Harriet felt herself falling farther into the chair, sinking, the room bleeding away as she plunged deeper and deeper into the dark. It swelled over her head like thick, sticky tar, and Harriet gasped, kicking, trying to keep herself above it.

"Harriet."

The thick liquid slid through her fingers, her breath coming in short, broken inhales, stuttering—.

"Harriet."

She plunged under the surface and pressed her hands over her ears, curling her knees toward her chest.

"You can't ignore me, girl!"

Cold, frigid fingers encircled her wrists, and Harriet refused to open her eyes, refused to listen. Go away, she thought. Go away, go away!

The fingers tugged, tightened. "Let me in!"

"Harriet—."

"LET ME IN!"

"Harriet—!"

Harriet woke with a start, the book open on her lap slipping through her knees to thump upon the rug. She blinked, eyes blurry, as the all-consuming dark of her dreams peeled back in favor of the common room's fuzzy light. It looked aquamarine in the morning glow and glistened like polished gems on the silver lanterns.

Hermione leaned closer to her, placing Harriet's fallen glasses in her hand. "Did you sleep out here all night?"

Harriet blinked again, the edges of her nightmare still clinging to the peripheries of her mind, and she thought back. She remembered Grimmauld, then the end of their holiday and getting back on the train bound for Hogwarts. She recalled snagging one of the comfortable chairs in the common room, intent on reading just a bit more of the book Mr. Flamel gave her after her friends went to bed, but her eyes had gotten heavy, and Harriet didn't recollect anything else.
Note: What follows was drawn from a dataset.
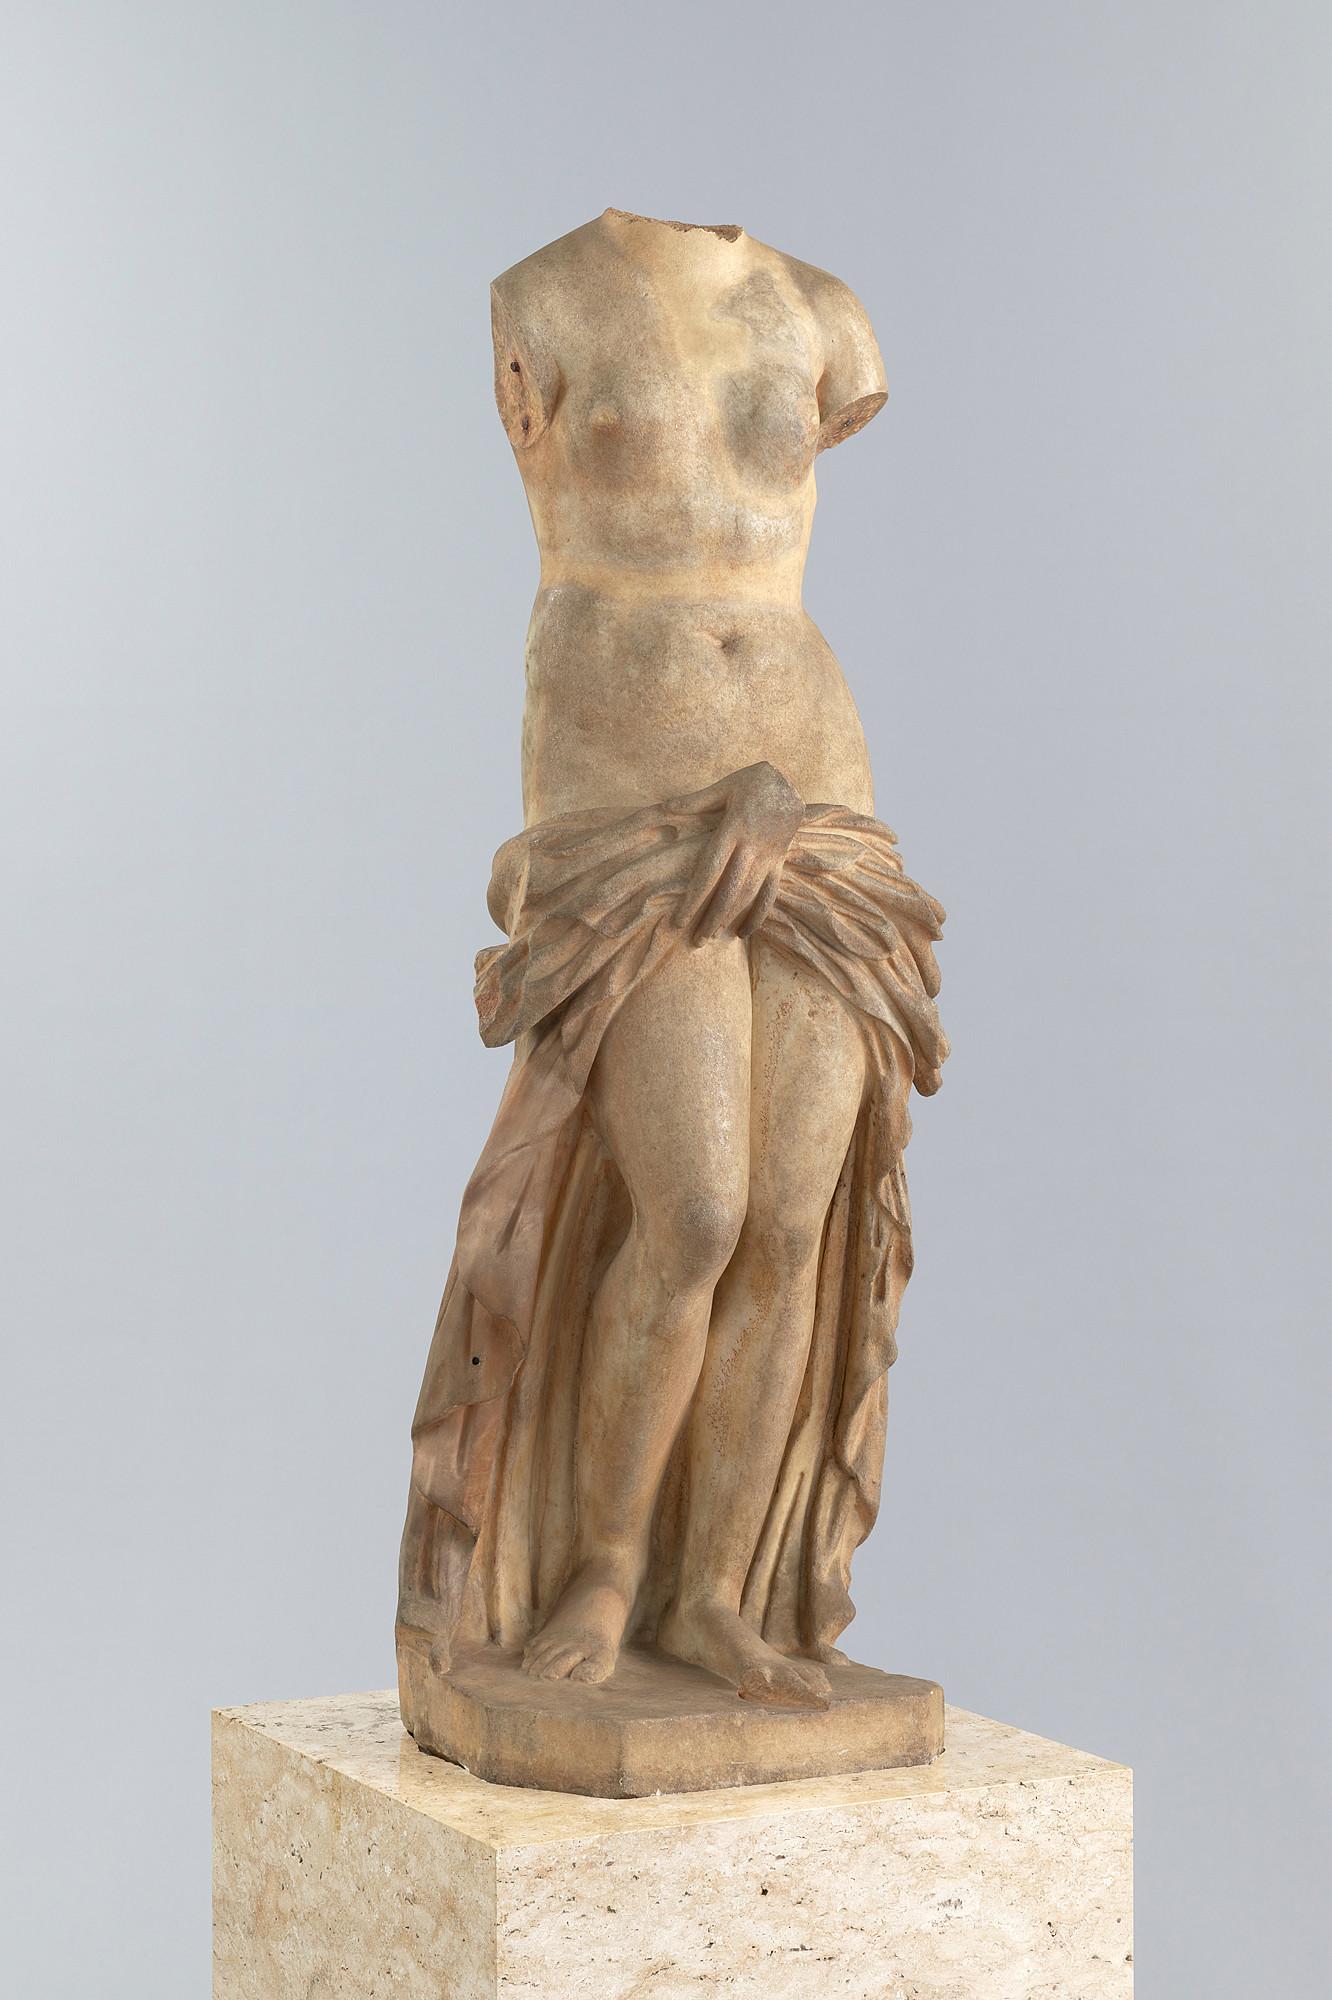 ギリシア《ヴィーナス》ヘレニズム時代(紀元前323-30年)

"I guess," she said, shifting. Someone had covered her with a blanket, and Harriet stared at it, puzzled, before tossing it aside with a shake of her head. "Err…what time is it?"

"Almost time for breakfast. Are you feeling well?"

"Mhm." Harriet yawned and put on her glasses, looking around. Spotting her book on the floor, she leaned forward to pick it up. What was that dream? she wondered. Like most of her nightmares, the details had dissolved as soon as she woke, and every passing second took a bit more of the image away. The feeling, however, lingered. It irritated her, like an itch she couldn't reach, a nagging anxiety she could not comprehend.

"You know you can talk to us about whatever is bothering you, right?"

"I said I'm fine!" Harriet snapped, and the moment the words crossed her mouth, she regretted them, smothering the sudden, inexplicable burst of anger in her chest. Why did Hermione and Elara have to keep asking, though? She was fine. Everything was fine. "I'm sorry, Hermione."

Hermione straightened, a clear flash of hurt in her eyes before it disappeared. "Fine. Well, if you want to make it in time for breakfast, we need to leave soon."

Feeling like the worst kind of friend, Harriet got up and took her book to the dorm, having just enough time to wash her face and change her clothes before she had to grab her satchel and follow Elara and Hermione out of the common room. Elara was thoroughly unimpressed with her sleeping arrangements.

"I bet Hermione five Sickles you'd been kidnapped again," she said, deadpan.

"And you didn't come looking?"

"I decided you would either show up by morning or Snape would have a coronary. Either option suited me fine."

Harriet kicked her shoe.

"Get kidnapped at a decent hour, will you?"

"I wasn't kidnapped! I was sleeping in the common room!"

"That Slytherin has regular access to. Ugh."

Harriet paused, wondering again who'd thought to cover her with a blanket. Definitely not Slytherin. "Thoughtful" and "Slytherin" did not exist in similar spheres.

They continued to gibe one another on their way to the table, urging a bunch of first years at the end to budge up and make room. Harriet dragged a platter of toast closer to her and sighed as she picked out what she wanted to eat. Someone had thought it clever to stuff a bunch of sausages in the jam pot, and Harriet's eye twitched as she ate her toast dry.

"Which of you idiots made a mess of the food?" Elara snapped at the first years. Godfrid, Baddock, and Pritchard looked suitably frightened, and the three boys pointed fingers at one another, refusing to take the blame.

"I wish they wouldn't waste things like that," Hermione muttered as the greasy mess vanished from the table, along with a tray of kippers someone had poured pumpkin juice into. "The house-elves work to make all this food, and they ruin it."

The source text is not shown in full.